As part of an unlikely double-header, Toledo’s PBS station just aired the Heidi Ewing / Rachel Gray Detroit docu, “Detropia”, which I had not seen yet. Coupled with the Bourdain “Destinations” episode I watched very early today, I am now immersed in thought about Detroit. “Detropia” was downright demoralizing. Damn.
Charlotte said on November 17, 2013 at 6:35 pm
Prospero — ask and ye shall receive — Margaret Atwood on Lessing: http://www.theguardian.com/books/2013/nov/17/doris-lessing-death-margaret-atwood-tribute
Deborah said on November 17, 2013 at 6:41 pm
We had a doozy of a storm here in Chicago as anyone watching the Bears game knows. Lots of wind, lightning and thunder, and 68 degrees. I couldn’t see any damage from my perch on the 27th floor with floor to ceiling windows.
Jeff (the mild-mannered one) said on November 17, 2013 at 7:27 pm
Charlotte, my word choice would be different, but I agree with you that Harold Bloom has passed his sell-by date.
Danny said on November 17, 2013 at 9:38 pm
I fly to Illinois in the morning! Up at 3 AM So Cal time. Yee Haw!
Prospero/MichaelJ, thanks for the apology, brother. I was wondering what you had read to set you off. Not everything is Us vs. Them. Take care and have a good week, my friend.
Prospero said on November 17, 2013 at 10:07 pm
I’d like to ask the advertising character that chose this song for a Jeep Cherokee ad what was the thinking behind the choice. It makes my day when the ad comes on. Not Don Draper, that’s for damn sure.
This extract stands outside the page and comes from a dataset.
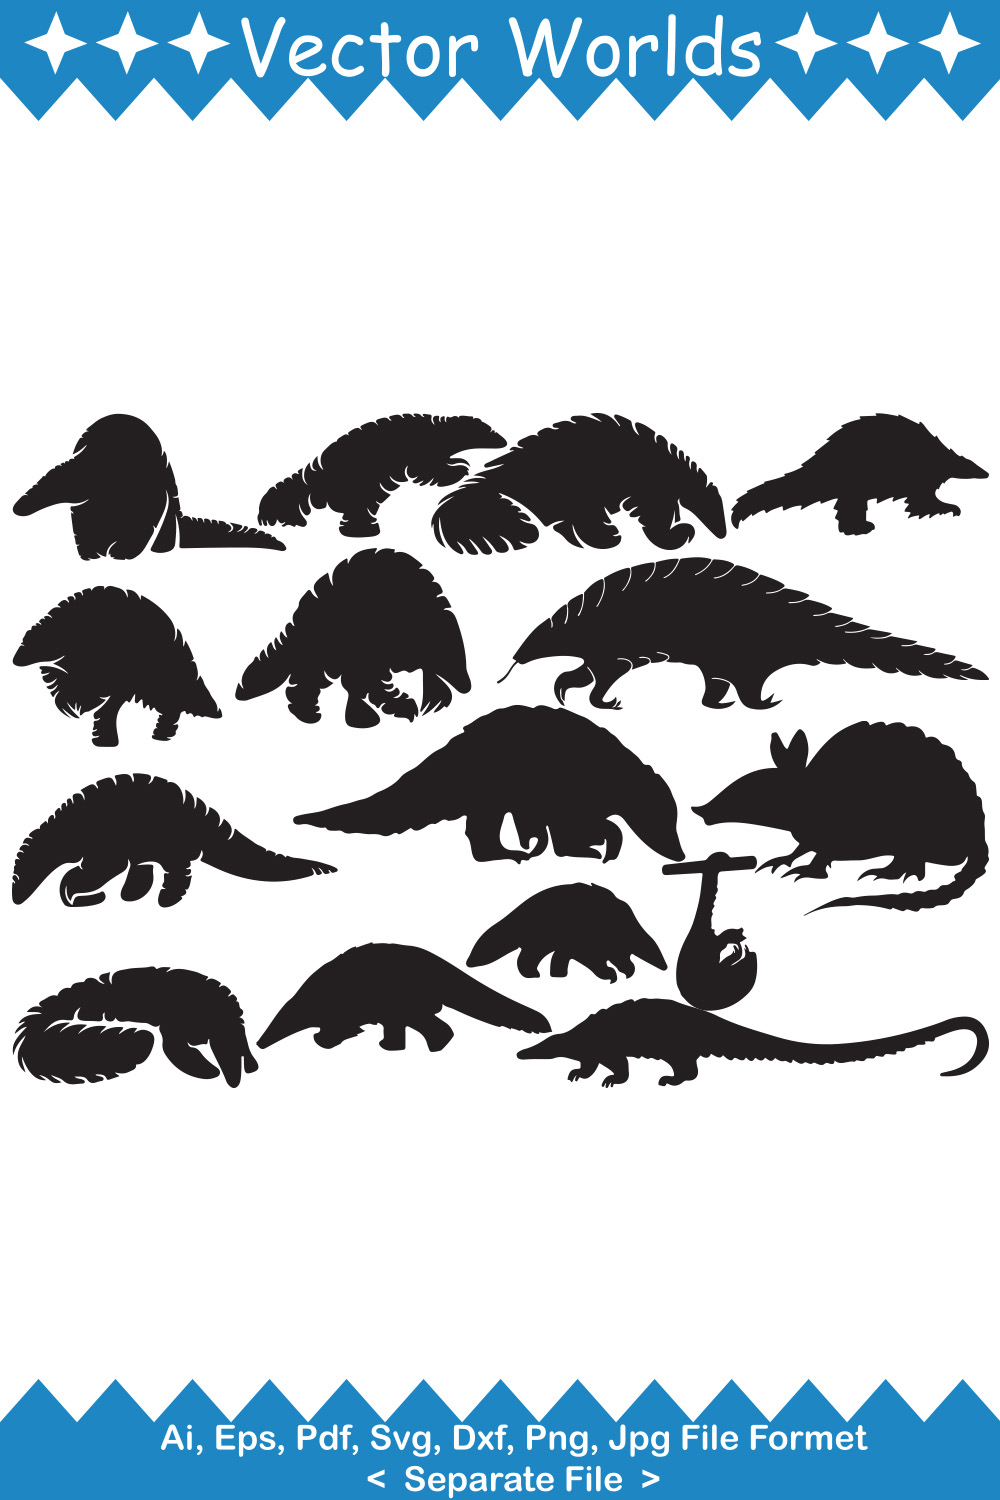 Set of silhouettes of different types of animals.

This is some fine guitar playing and strong vocal.
Anybody think this is the way America is supposed to work? Money-based oligarchy?
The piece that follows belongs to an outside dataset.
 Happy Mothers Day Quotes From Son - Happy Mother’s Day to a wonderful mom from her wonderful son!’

Lessing and Atwood = soul sisters. Or Messiah and apostle. Or Jane Fonda and Meryl Streep. Nah.I find Atwood the superior writer, but Lessing is absolutely fascinating. I always thought of the two as contemporaries, but Atwood is only 73 when Lessing has died at 93 or 4. That is a wonderful essay on Doris Lessing by Margaret Atwood that Charlotte linked to. Exceptionally graceful writing. Reminded me of what Patti Smith and others wrote about Lou Reed in the current RS. I’d say Mitch Albom ought to take a lesson about how to write about the departed, but as Lou would say, “That’s a slim chance, he’s goin’ to the boulevard.”
This redemption of the governor Walking Dead edition is perplexing, in a very good way. Anybody watch Witches of East End? Pretty good show with some very good actors. Sort of Charmed minus bimbette factor. Also, credit to the writers for naming the two young witches Freia and Ingrid. Nothing beats guilty pleasure Sunday night TeeVee.
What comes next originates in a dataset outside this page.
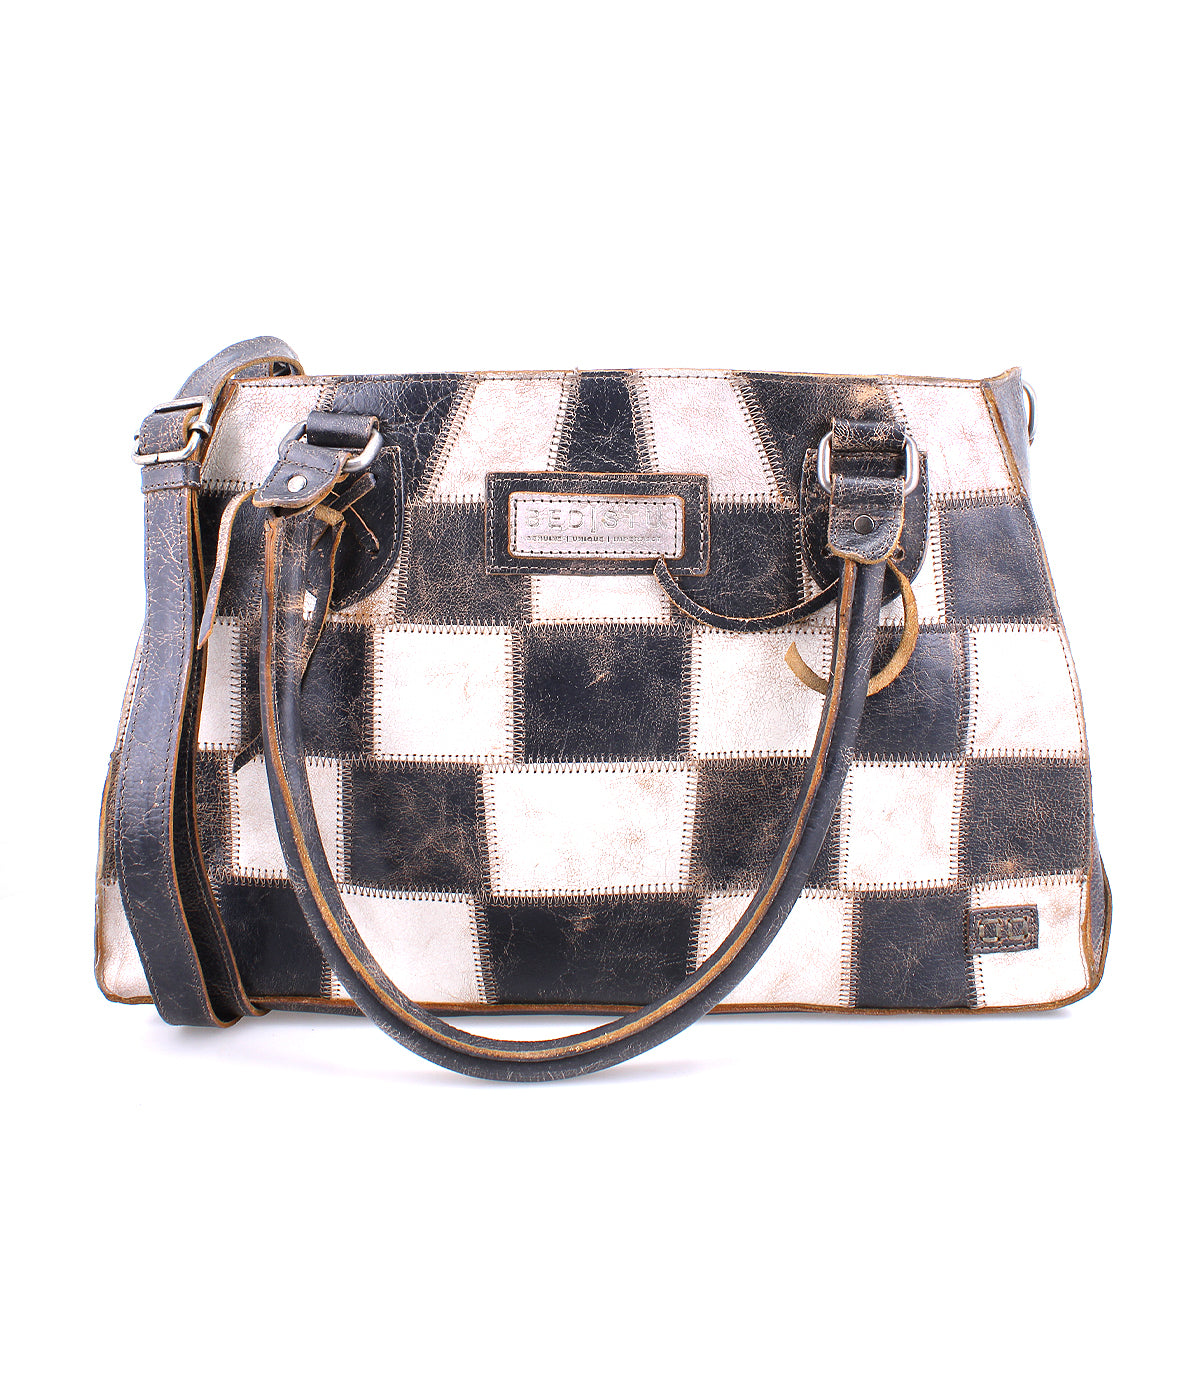 A sustainable, checkered Rockababy SL handbag with brown leather trim and handles on a white background by Bed Stu.

And batten down the hatches in the midwest y’all. Prayers to Ss. Vitus, Gregory and Brendan for y’all to be safe in the wind and storms.
Consider the kind of language football coaches resort to on sidelines in stressful situations. A ref named Penn Wagers who had his Cheerios pissed in by somebody connected to UGA, called a 15 yd. penalty on Mark Richt, the mildest mannered coach on the planet, for telling him that a blown fumble recovery call in Auburn’s favor yesterday was “crap”. Crap, Penn? When that bastard dies, my brother Mark and I are driving to a cemetary somewhere in the south to urinate on his grave. The two horrendous calls gave the Barn a chance to win on the luckiest catch I’ve ever seen. Can’t get too upset, losing five receivers, the entire D-backfield and the best running back in the US for four games, and his nearly as good sub for the season, it was pretty much shot to hell. Hearing about FLA’s injuries is a riot. They don’t have players as good as the injured UGA players.
Brandon said on November 18, 2013 at 12:41 am
I had no idea about Doris Lessing. R.I.P.
Hattie said on November 19, 2013 at 12:07 am
The kale has sailed. I can’t digest it anyway. I do not care what people say. It is not food.